EXERCISE:
Please reproduce the lines from the one containing "Mariano Rivera Entering The Game" through the end of the data below exactly as they stand, and omit all pictures.

SOURCE MATERIAL:
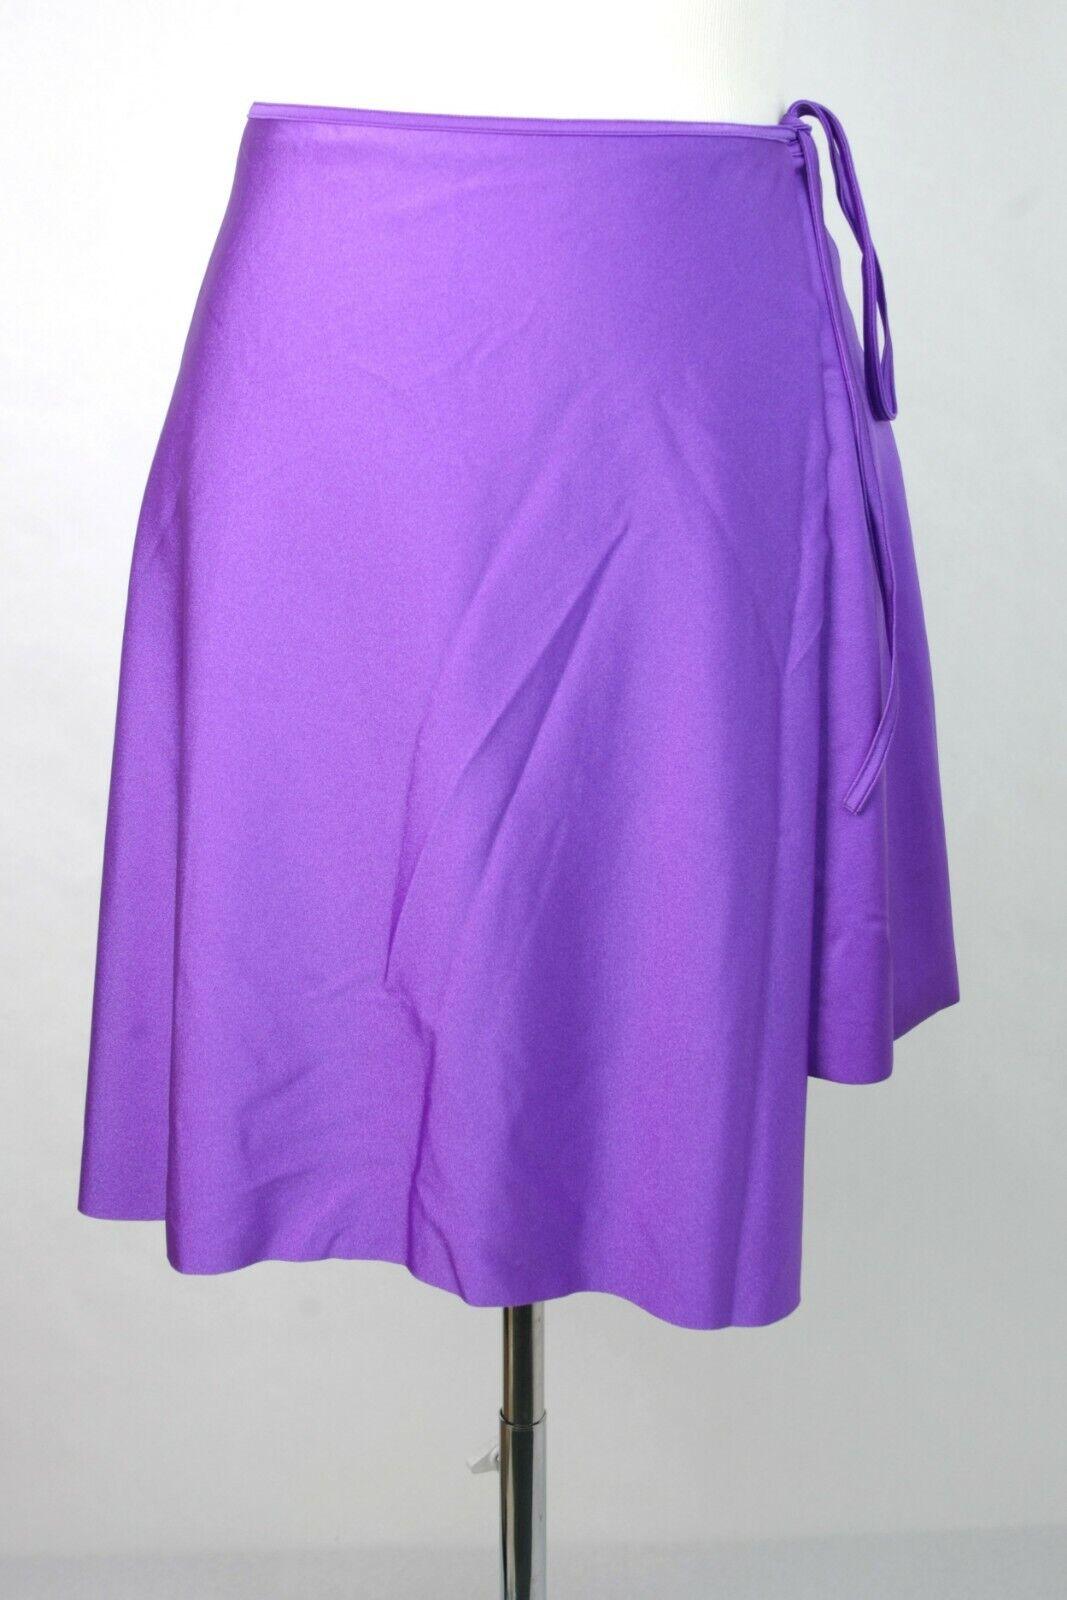 New Balenciaga Women's Purple Spandex Wrap Skirt 470936 5100
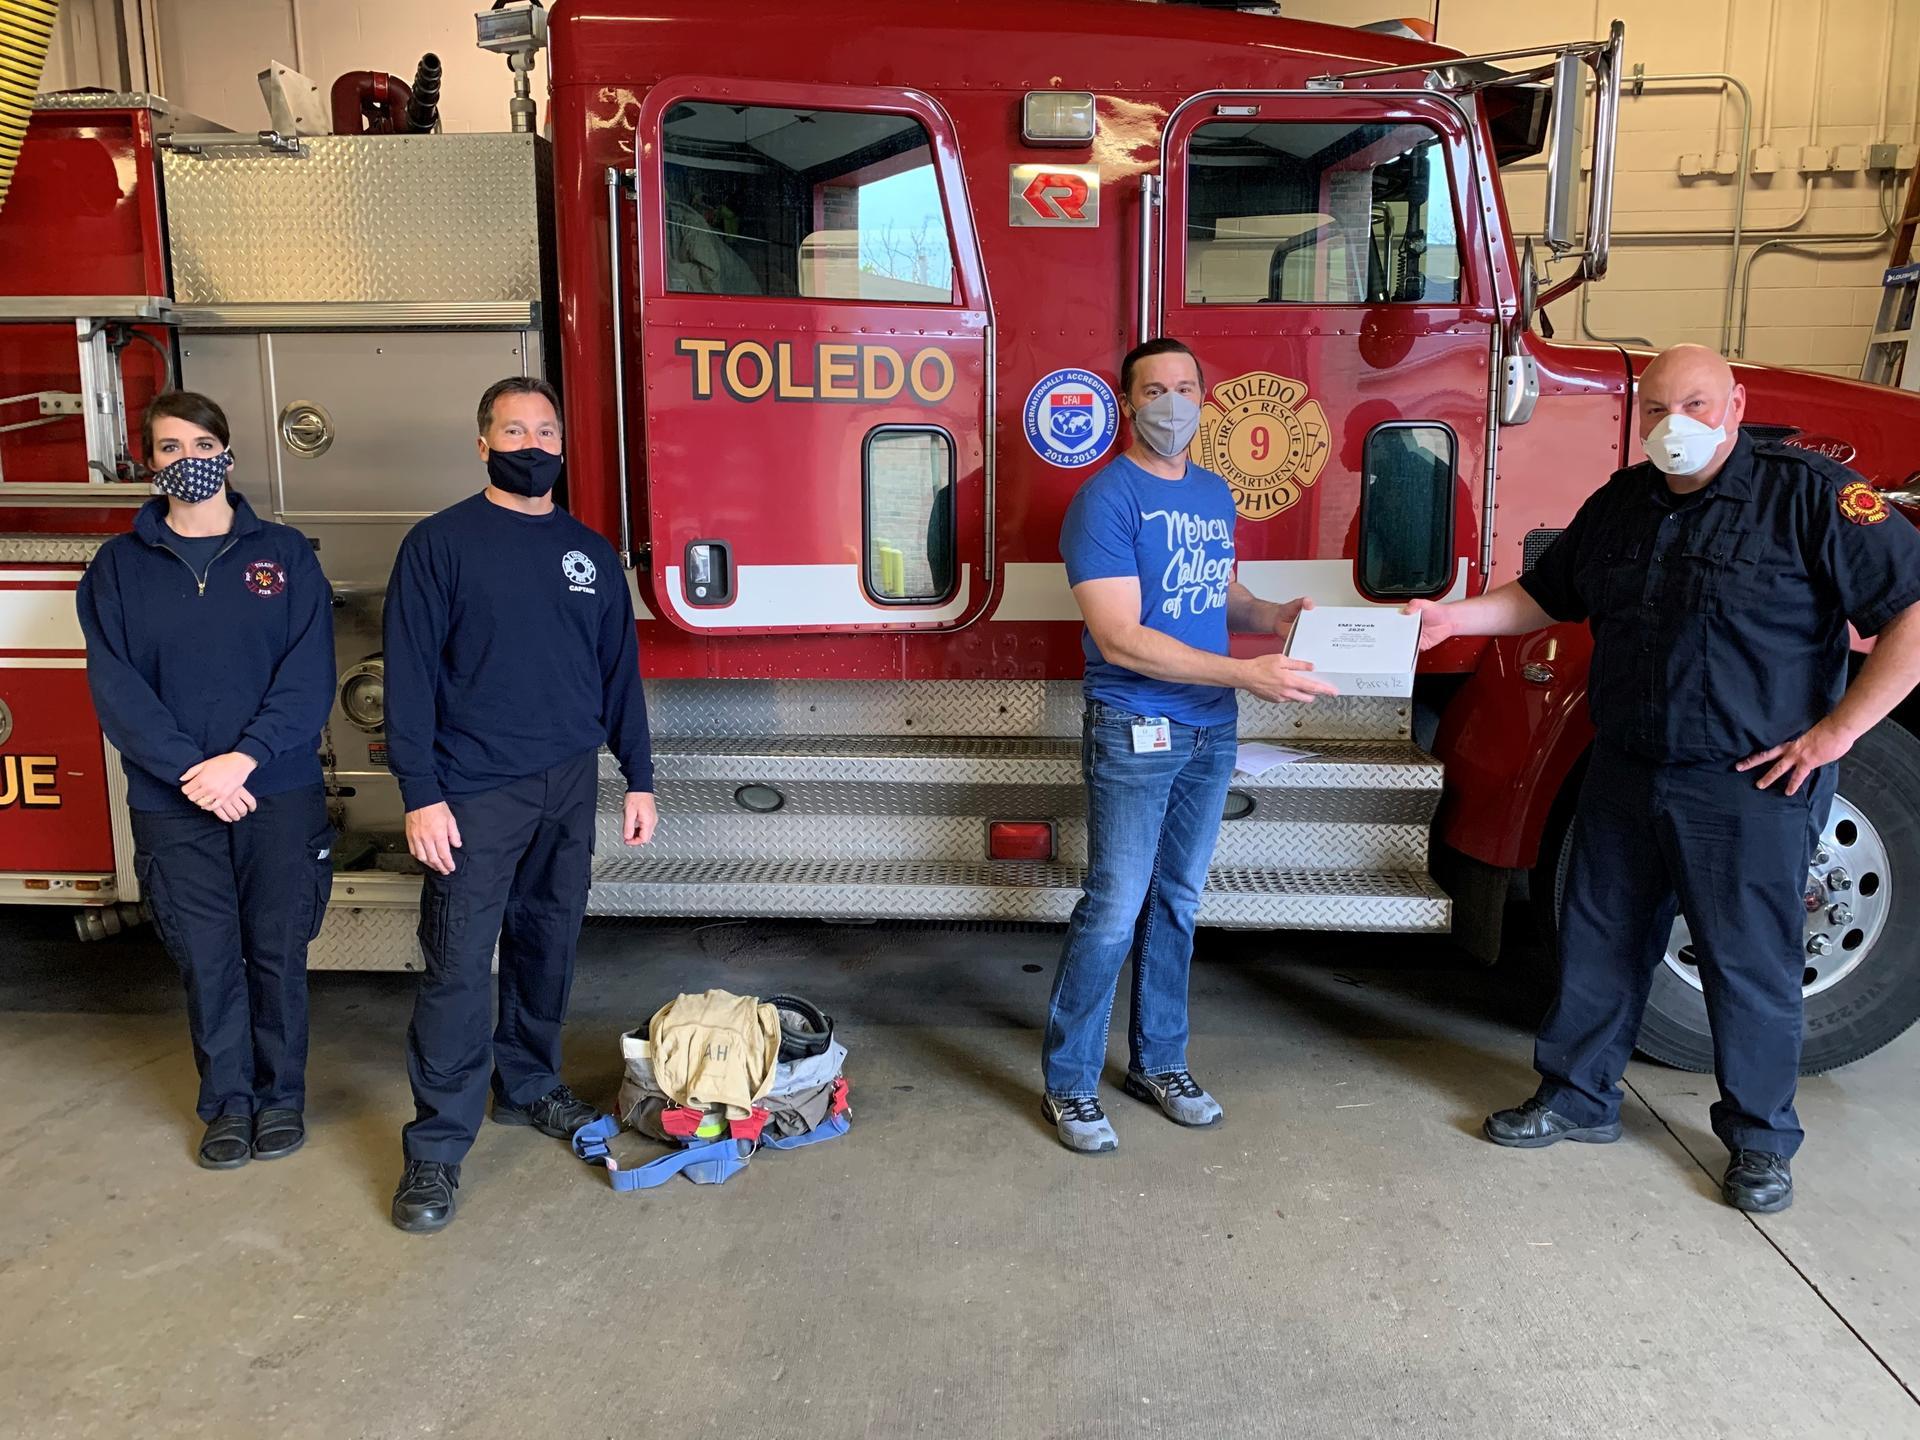 Toledo Fire Station 9
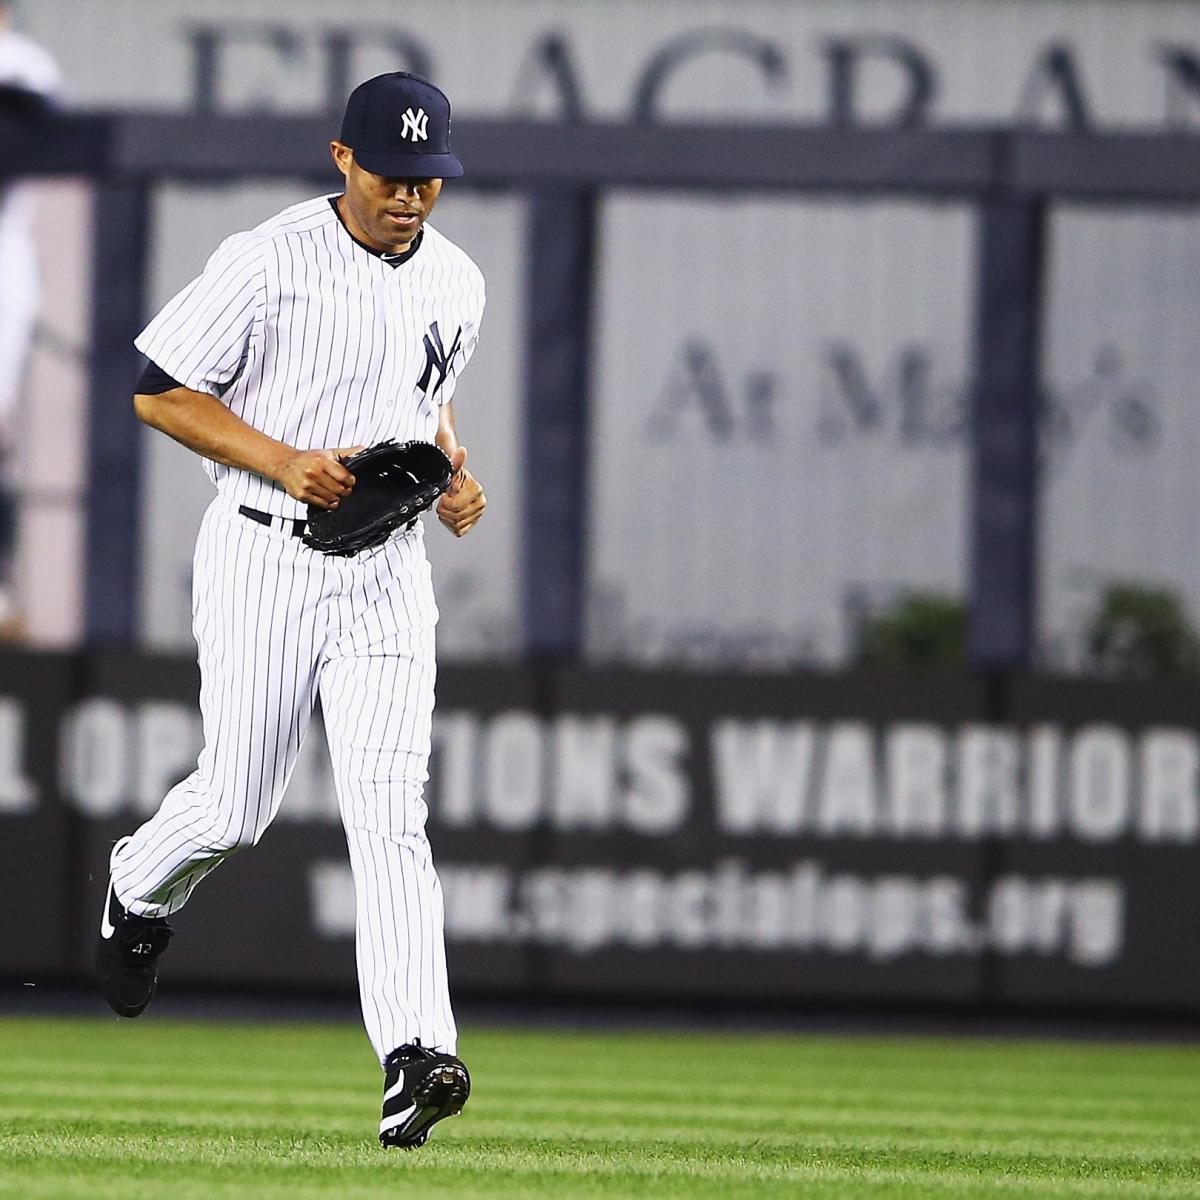 Mariano Rivera Entering The Game
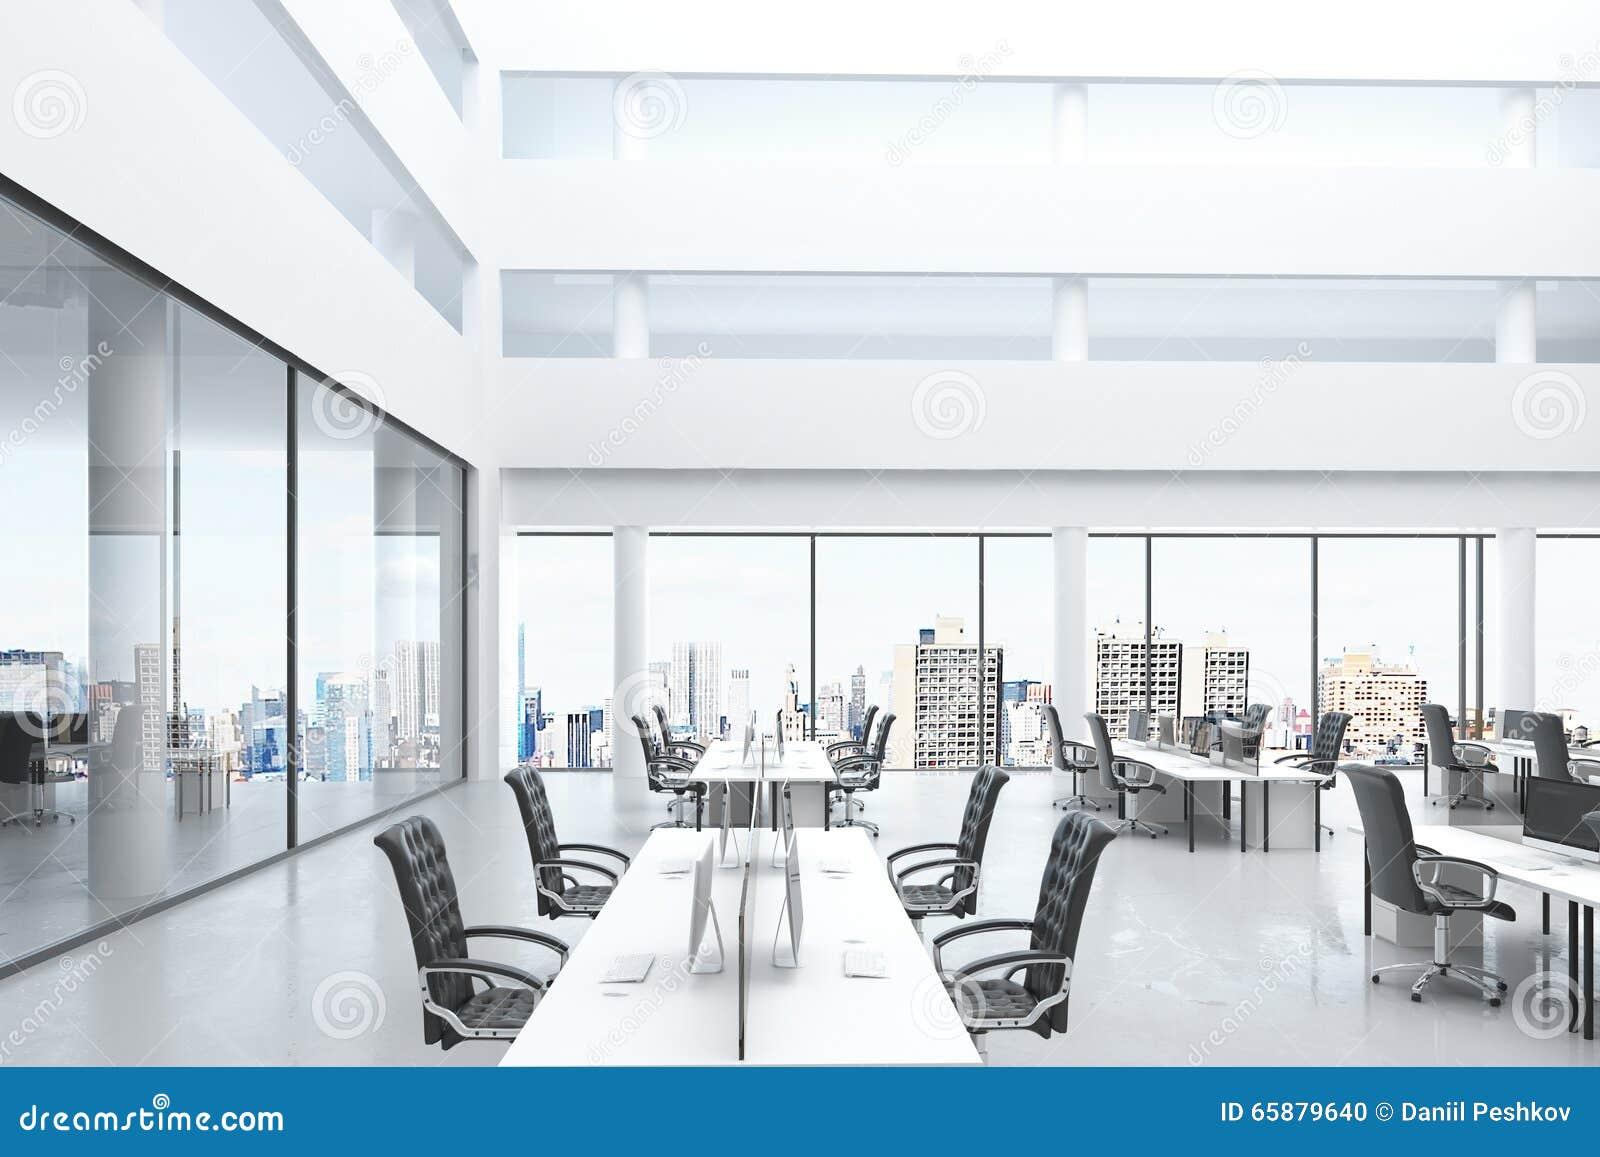 modern open space office with big windows and furniture stock illustration illustration of. Black Bedroom Furniture Sets. Home Design Ideas

RESPONSE BELOW:
 Mariano Rivera Entering The Game
 modern open space office with big windows and furniture stock illustration illustration of. Black Bedroom Furniture Sets. Home Design Ideas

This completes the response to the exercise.